Configure key access

  1. In control panel go to CDNCDN resources.

  2. Open the CDN resource page → tab Settings.

  3. Enable the option Key access.

  4. To generate a key automatically, tap Generate key.

  5. To use your key, enter it manually, keeping in mind the requirements:

    • Latin letters and numbers;
    • length from 6 to 32 characters;

  6. Optional: to allow only certain IP addresses to access content, check the checkbox Add the client IP address to the token.

  7. Click Save.

  8. Configure token generation on the source server. Four parameters are used to generate the token:

    • the lifetime of the link;
    • source link to the file;
    • IP addresses for which access to the file is allowed — optional parameter;
    • key that you set in step 4 or 5.
With IP parameter

Use if you checked the checkbox in step 6 in the CDN resource settings Add the client IP address to the token.

<?php
$secret = '<secret_key>';
$ip = '<ip_address>';
$path = '<path>';
$expires = time() + <lifetime>;
$link = "$expires$path$ip $secret";
$md5 = md5($link, true);
$md5 = base64_encode($md5);
$md5 = strtr($md5, '+/', '-_');
$md5 = str_replace('=', '', $md5);
$url = "<domain>{$path}?md5={$md5}&expires={$expires}";
echo $<url>;
echo "\n";

Specify:

  • <secret_key> — the secret key you specified in the CDN resource settings;
  • <ip_address> — The IP address that is allowed to receive the content;
  • <path> — The relative path to the file on the source;
  • <lifetime> — is the lifetime of the link in seconds;
  • <domain> — domain of the CDN resource with the protocol. You can view the resource domain in control panel under CDNCDN resources → resource page → tab General.
Without IP parameter

Use if you did not check the checkbox in step 6 in the CDN resource settings Add the client IP address to the token.

<?php
$secret = '<secret_key>';
$path = '<path>';
$expires = time() + <lifetime>;
$link = "$expires$path $secret";
$md5 = md5($link, true);
$md5 = base64_encode($md5);
$md5 = strtr($md5, '+/', '-_');
$md5 = str_replace('=', '', $md5);
$url = "<domain>{$path}?md5={$md5}&expires={$expires}";
echo $url;
echo "\n";

Specify:

  • <secret_key> — the secret key you specified in the CDN resource settings;
  • <path> — The relative path to the file on the source;
  • <lifetime> — is the lifetime of the link in seconds;
  • <domain> — domain of the CDN resource with the protocol.

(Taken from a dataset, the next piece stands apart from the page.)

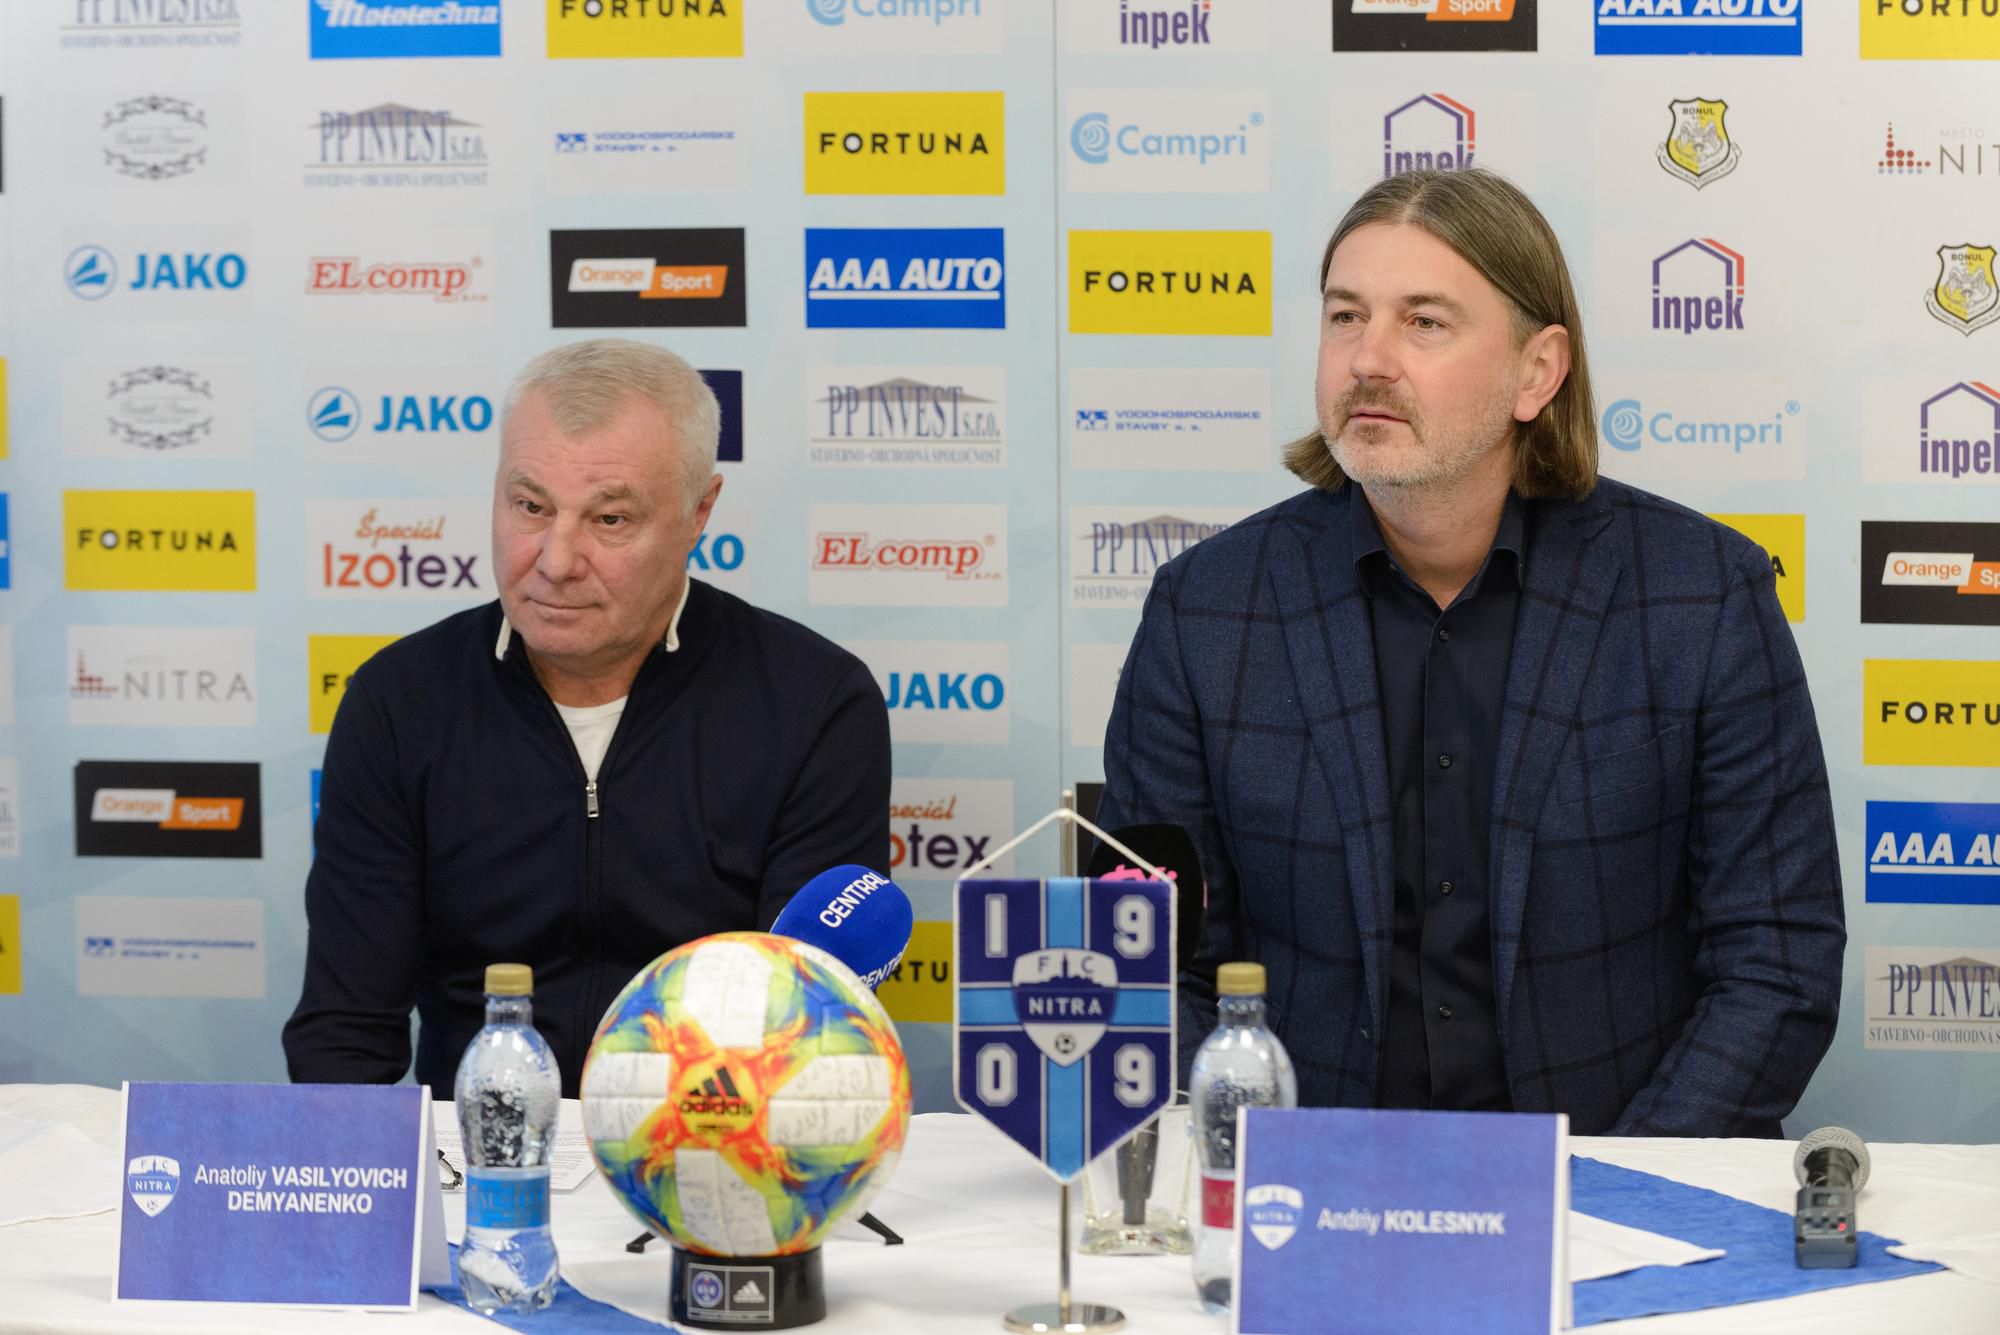 Vľavo nový tréner Anatolij Vasiľovič Demjanenko a športový riaditeľ klubu Andrej Kolesnik.

You can view the resource domain in control panel under CDNCDN resources → resource page → tab General.

Configure access policy from domains

The Access from Domains policy (Referrer ACL) allows you to grant or restrict access to content from other domains. By default, access by domain is not restricted.

  1. In control panel go to CDNCDN resources.

  2. Open the CDN resource page → tab Settings.

  3. Enable the option Access policy from domains.

  4. Select a policy:

    • permissive — links to your content will work on all domains other than those specified;
    • prohibitive — links to your content will only work on specified domains.

  5. Enter the names of the domains that you want to allow or deny access to according to the selected policy. Enter the names one by one on a line without specifying a protocol, for example:

    example.com
    example1.com

  6. Click Save.

Configure access policy from IP addresses

The IP Address Access Policy (IP ACL) allows you to grant or restrict access to content from specific IP addresses. By default, access by IP addresses is not restricted.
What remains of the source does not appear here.